Basic Accounting Terms
- Revenue — money earned (in HIM, often internal, but ROI fee income counts).
- Expenses — costs incurred to operate.
- Net income (profit) = revenue − expenses.
- Assets, liabilities, and equity appear on the balance sheet; the income statement shows revenue and expense over a period.
Use these tools to cost-justify projects: pair a clear ROI or payback figure with the operational benefit when proposing a coding-automation or scanning initiative.
Budgeting Methods and Monitoring
Organizations build operating budgets using different methods, and the RHIT exam expects you to recognize them. In incremental (historical) budgeting, last year's budget is adjusted up or down by a percentage — fast but it carries forward old inefficiencies. In zero-based budgeting, every line item must be justified from zero each cycle — rigorous but time-consuming. A flexible (flexible/variable) budget adjusts targets to actual volume, which is fairer for departments whose workload swings, such as coding during a census spike.

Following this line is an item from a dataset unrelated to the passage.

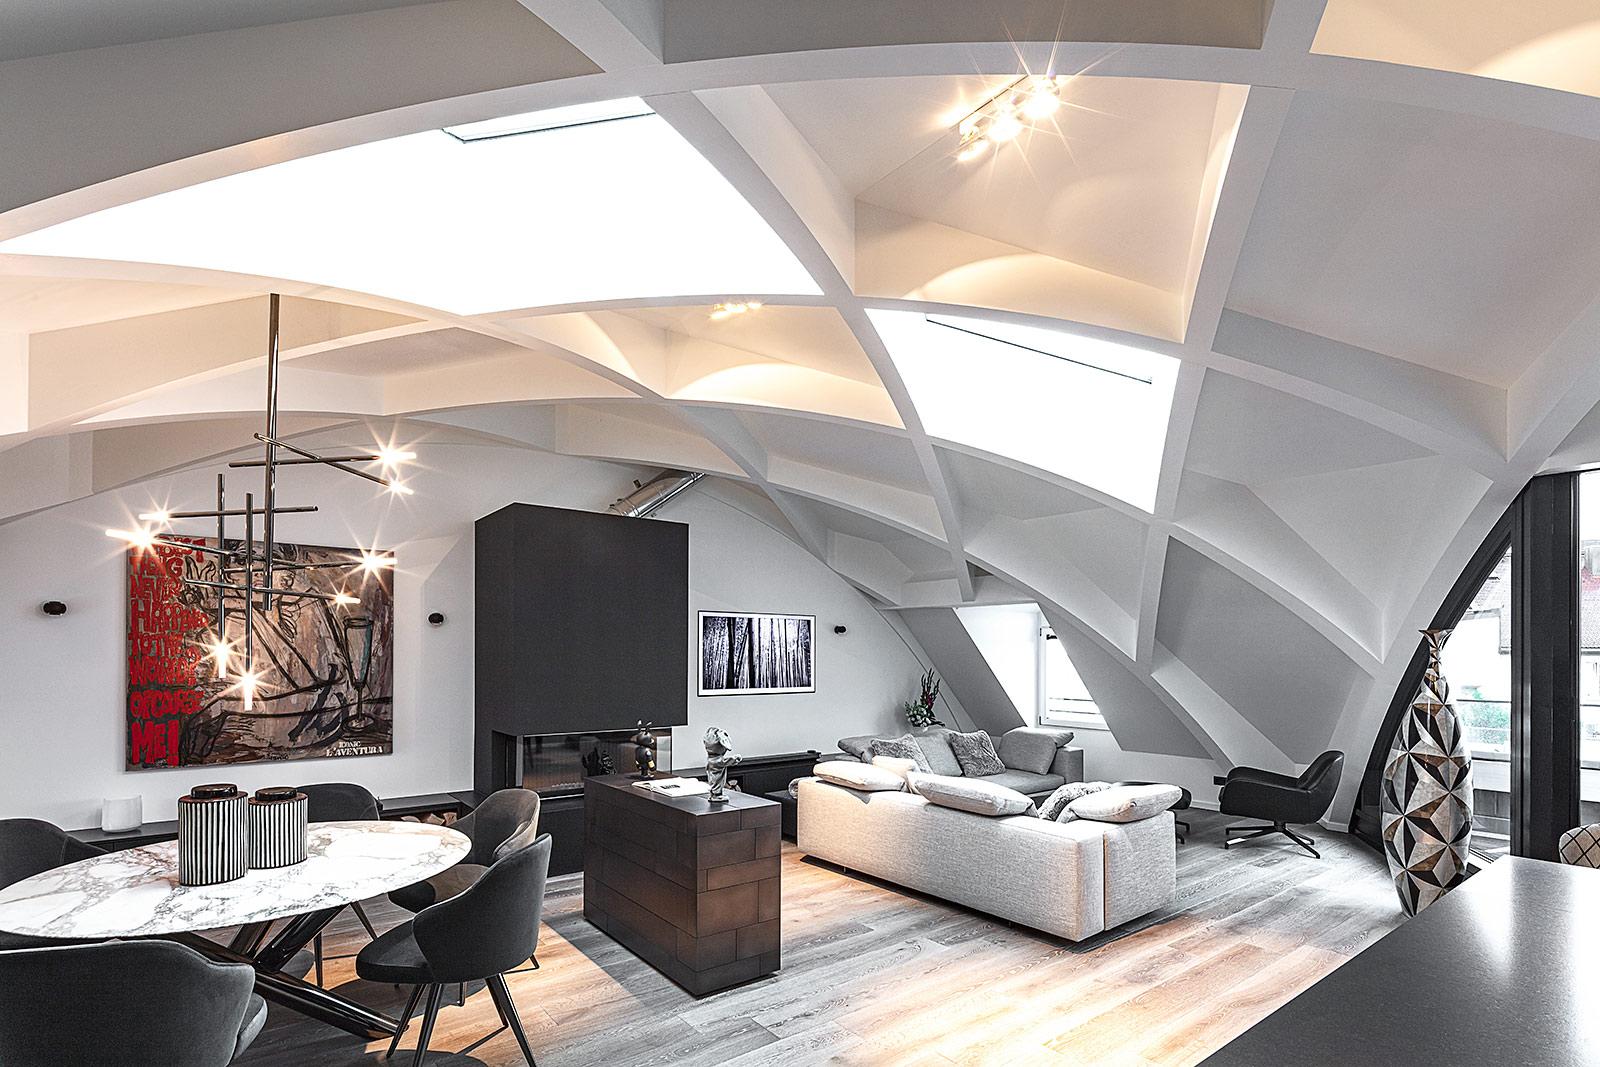 Interiorfotografie Dachgeschoss Wohnung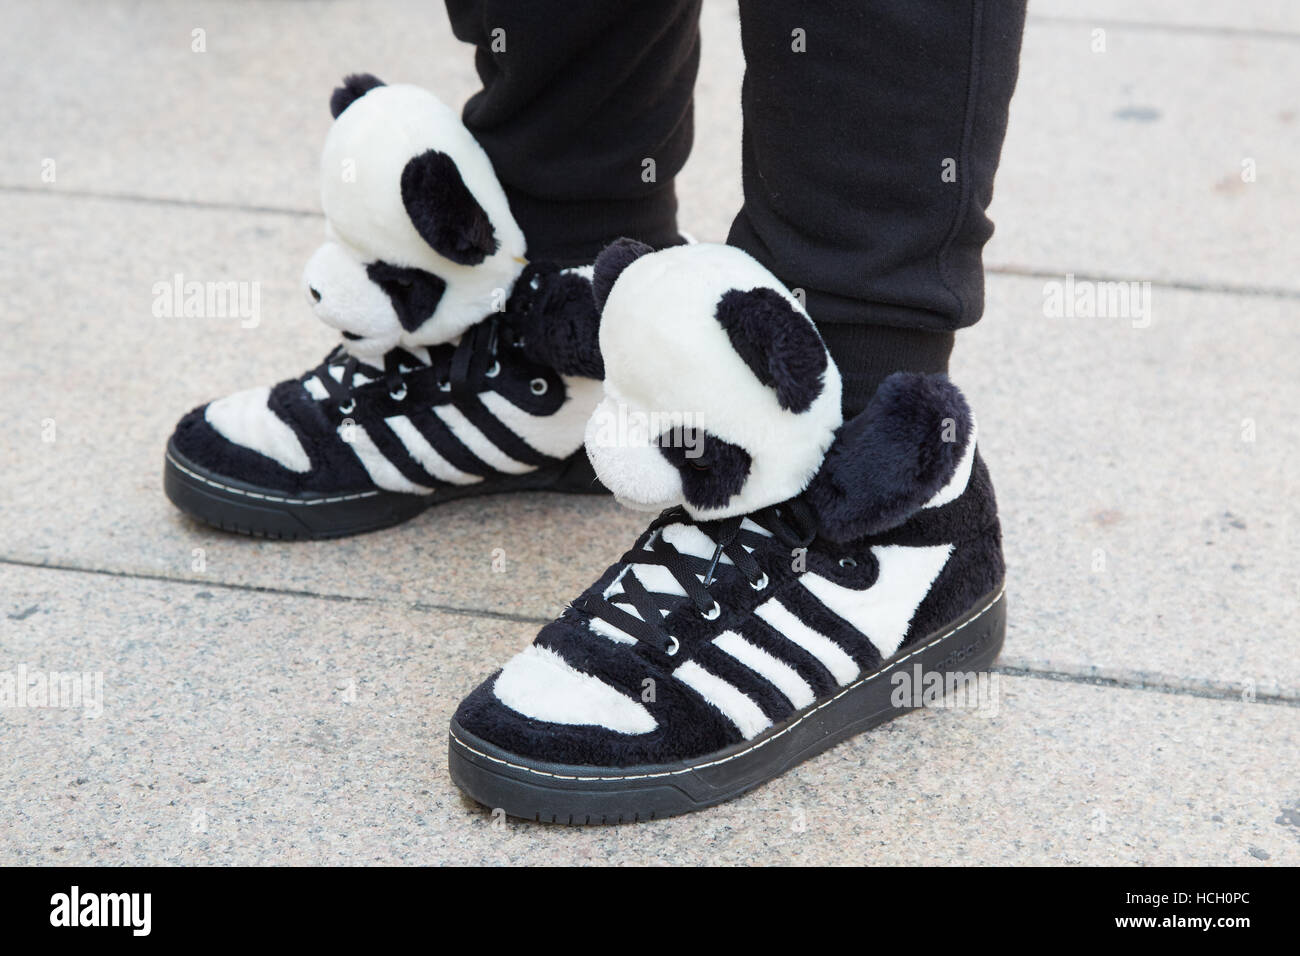 Ours Avec Homme Panda Chaussures Adidas Marionnette Cristiano Avant w1cqa

A fixed (static) budget holds targets constant regardless of volume.
Managers monitor the budget through periodic (usually monthly) budget variance reports, investigating and explaining significant variances. A small, isolated variance may be noise; a large or trending variance demands a corrective action plan — adding overtime, deferring a purchase, or revising the forecast.
HIM Revenue and Cost Reality
While HIM is largely a cost center, several HIM functions touch revenue directly. Coding accuracy and completeness drive the case mix index and reimbursement; discharged-not-final-billed (DNFB) days tie up cash. The release-of-information function may generate modest fee income but is regulated on what can be charged. When proposing a capital purchase such as computer-assisted coding, the manager pairs the ROI/payback figure with quantified operational benefits — fewer DNFB days, lower overtime, reduced denials — so administration sees both the financial and the workflow case.
A proposal that lists only software cost without the offsetting benefit is the classic weak business case. Strong proposals also account for ongoing operating costs — annual maintenance, support contracts, and training — not just the one-time capital outlay, because the total cost of ownership over the asset's life determines whether the investment truly pays off. The manager who presents both the quantified financial return and the operational benefit, framed in terms administration cares about, is far more likely to win approval than one who simply asks for new equipment.
An HIM department budgeted $40,000 for coding supplies but spent only $34,000. How is this $6,000 variance classified?
A new document-scanning system costs $60,000, has a useful life of one year or more, and exceeds the organization's $5,000 capitalization threshold. Which budget funds it?
A coding-automation project costs $50,000 and is expected to produce $65,000 in net benefits over its life. What is the approximate return on investment (ROI)?